Buradasınız
Sağlık İşçilerinden Mesajlar
UİD-DER'li işçiler
Merhaba, bir sağlık çalışanı olarak bu mektubu heyecanla kaleme alıyorum. UİD-DER’le tanıştığımdan beri ilk mektubum. Hem 1 Mayıs coşkusu hem de ilk mektubumda ne yazabilirim düşüncesinin heyecanı... Ben hastanede yoğun bir birimde çalışıyorum kardeşler. Gelen hasta sayısı çalışan kişi sayısına oranla hayli fazla, peki bu nasıl işliyor dersiniz? Bir kişi 2-3 kişinin performansında iş yapıyor. Onlardan biri de benim. Uzunca bir süre bu şekilde çalıştıktan sonra ne oluyor peki? Erkenden tükenmişlik, yıpranma, hatta çalışma şeklinden kaynaklı vücut şeklimiz bile bozuluyor. Bırakın sağlık hizmeti bekleyen işçi ve emekçilere gereken hizmeti vermeyi, biz kendi sağlığımızı bile koruyamaz hale geldik.
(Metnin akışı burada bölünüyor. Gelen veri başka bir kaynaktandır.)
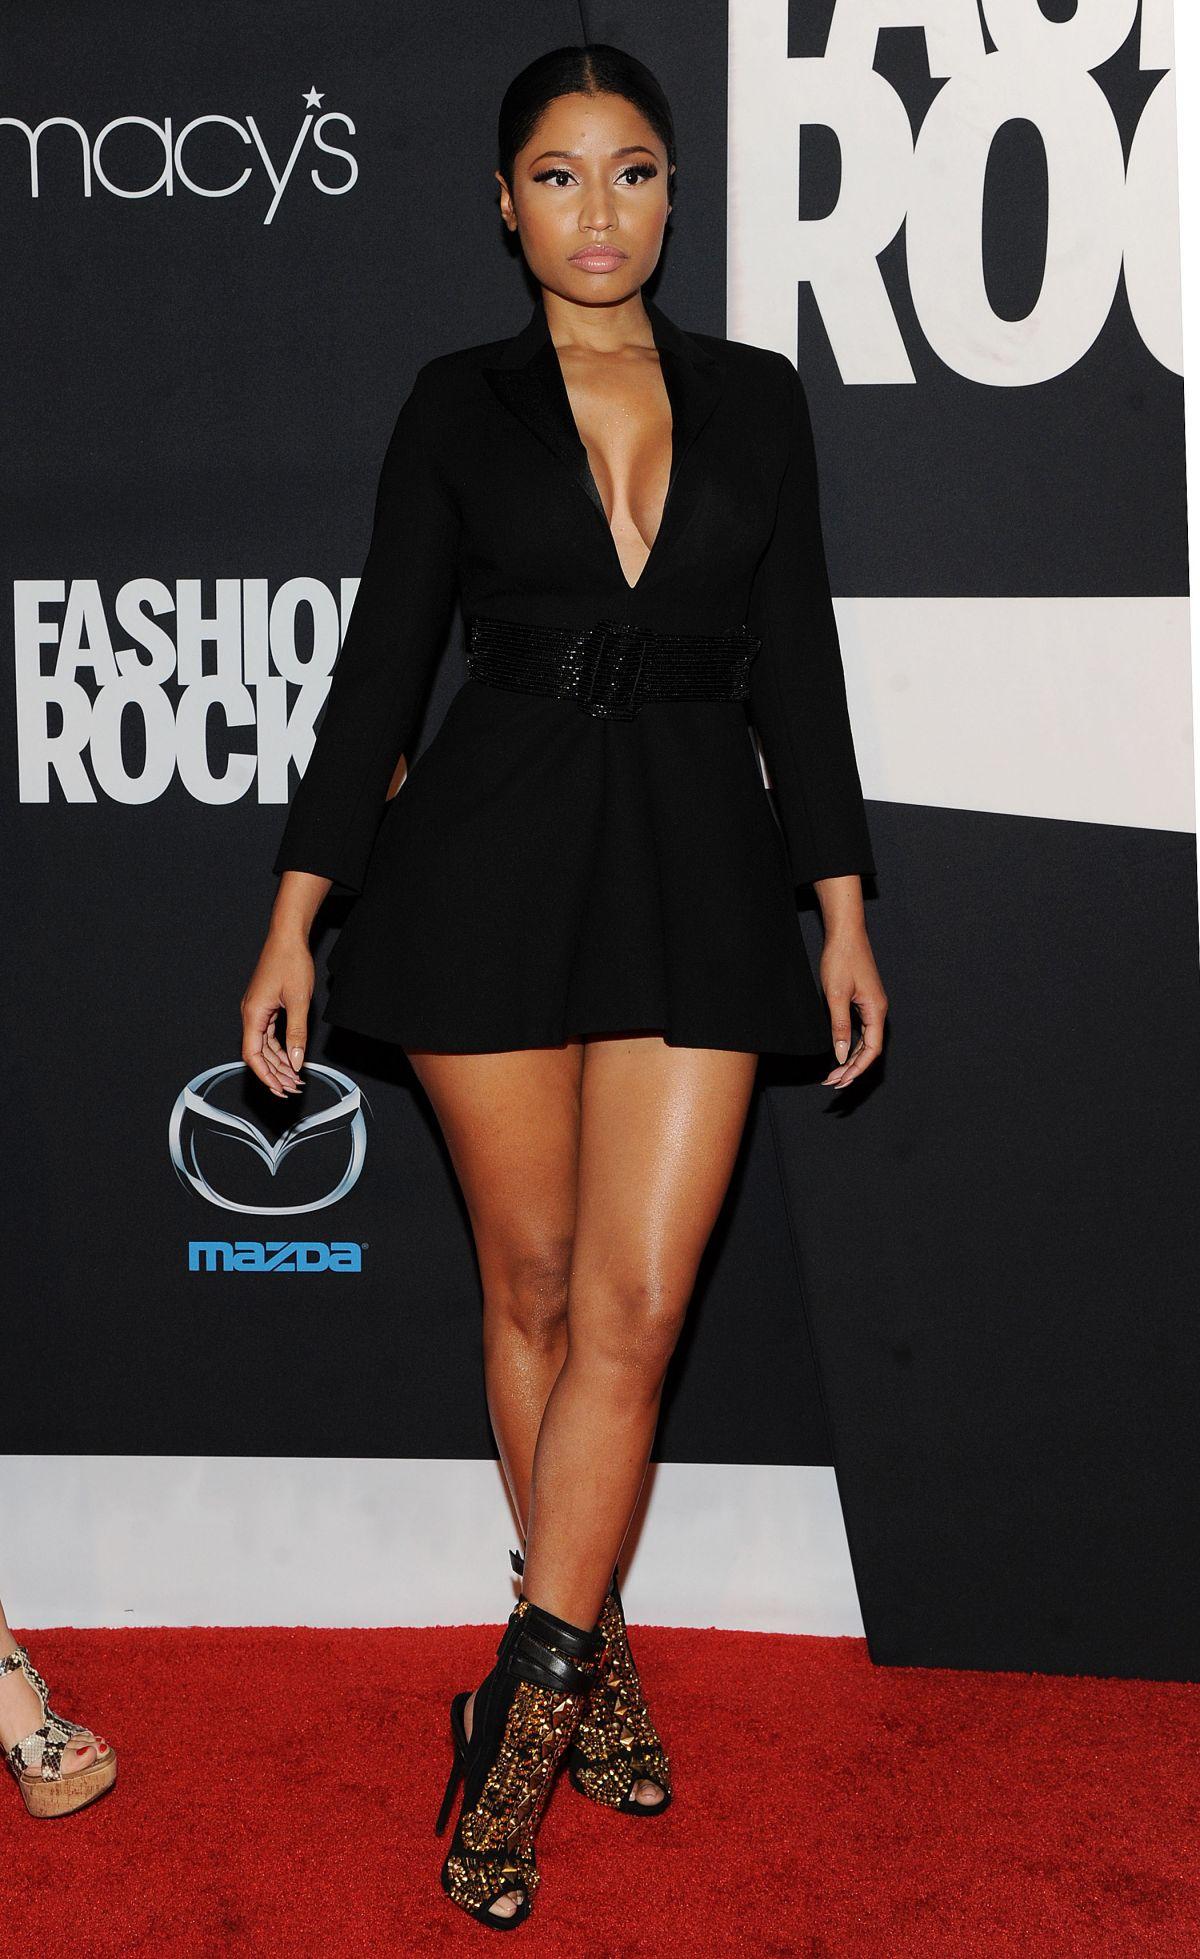 Nicki Minaj At Fashion Rocks 2014 In New York Hawtcelebs
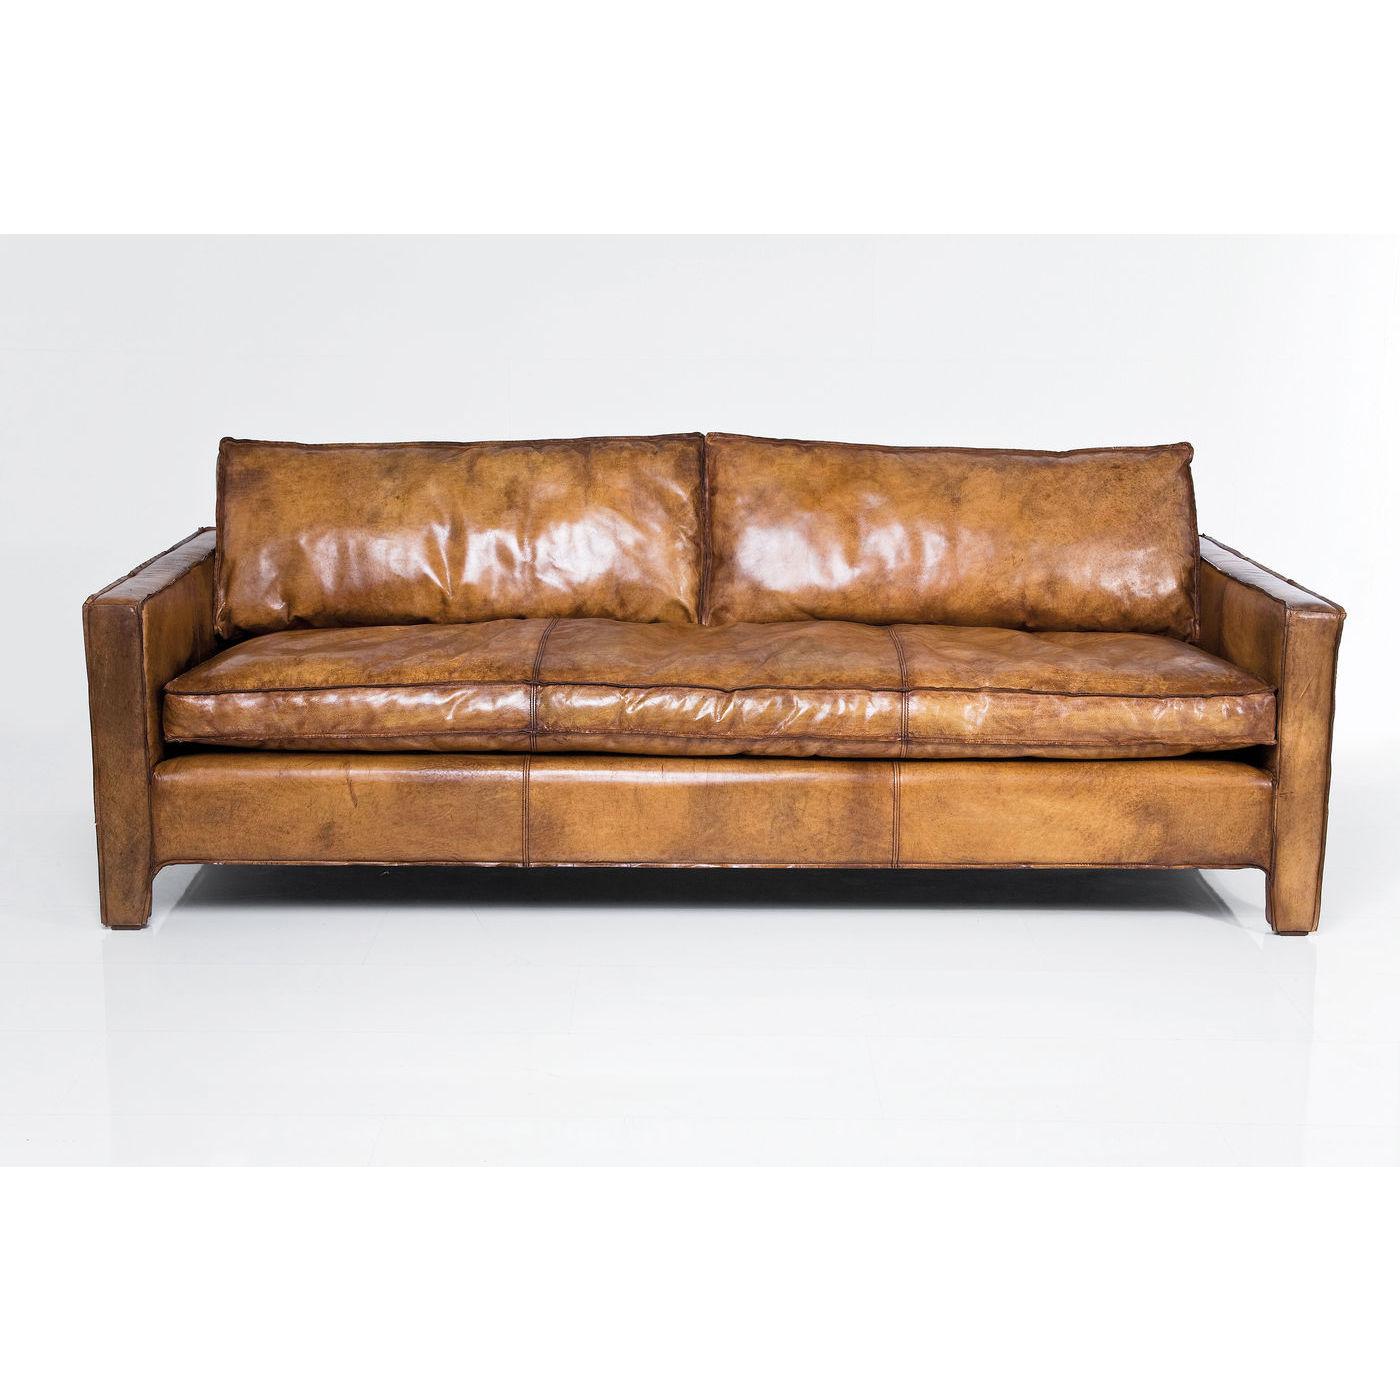 sofa couch 3 sitzer dreisitzer buffalo b ffelleder braun neu kare design ebay. Black Bedroom Furniture Sets. Home Design Ideas

Tabi ki sadece dertlenmek, sorunlarımız üzerine düşünmek yetmez. Biz aynı zamanda soruyoruz da. İş bekleyen, atama bekleyen binlerce sağlık işçisi kardeşimiz varken neden ben hâlâ 3 kişinin işini tek başıma yapmak zorunda kalıyorum? Neden bu adaletsizlik? Atama bekleyen sağlık işçileri işe alınsa herkes insanca koşullarda çalışabilir. Hasta işçi ve emekçiler daha insani şartlarda tedavisini alabilir. Kimsenin sağlığını düşünmedikleri ortada. İnsani şartlarda çalışmamız hayatımızın en az üçte birini çalışarak geçirdiğimiz bu sistemde egemenler için ne kadar önemli? Birleşirsek emekçi kardeşlerimizden işittiğimiz; “bu sağlıkçılar da hep asık suratlı, gülmüyorlar” söylemi de sağlıkçıların dilinden düşmeyen; “hastaneye ne kadar sık geliyorlar” söylemi de tarihe karışır. Elbette ki oturup hep beraber dertlenelim değil niyetim, daha güzel, insani, vicdani çalışma koşullarının hayalini hep beraber kurabilmektir. Hangi sektör olursa olsun, hayalimiz yine UİD-DER saflarında ortak. Sağlıkla kalın kardeşler. Yaşasın İşçi Sınıfının Örgütlü Mücadelesi
Fatih’ten bir kadın sağlık işçisi
Bu sene 1 Mayıs’a ağır koşullar altında girdik. Tüm dünyada işsizlik ve yoksulluk gitgide artıyor. Bundan tek etkilenen kesim işçi ve emekçi sınıflar oluyor. Ben de bu süreçte işsiz kalan sağlık işçilerinden biriyim. Evet, “işsiz” bir sağlık işçisi! Size tuhaf gelecek belki ama Ocak ayından bu yana işsizim. Üstelik şu an çalışan sağlıkçı arkadaşlarımdan kiminle konuşursam konuşayım, herkes aynı şeyden şikâyetçi: Yoğunluk.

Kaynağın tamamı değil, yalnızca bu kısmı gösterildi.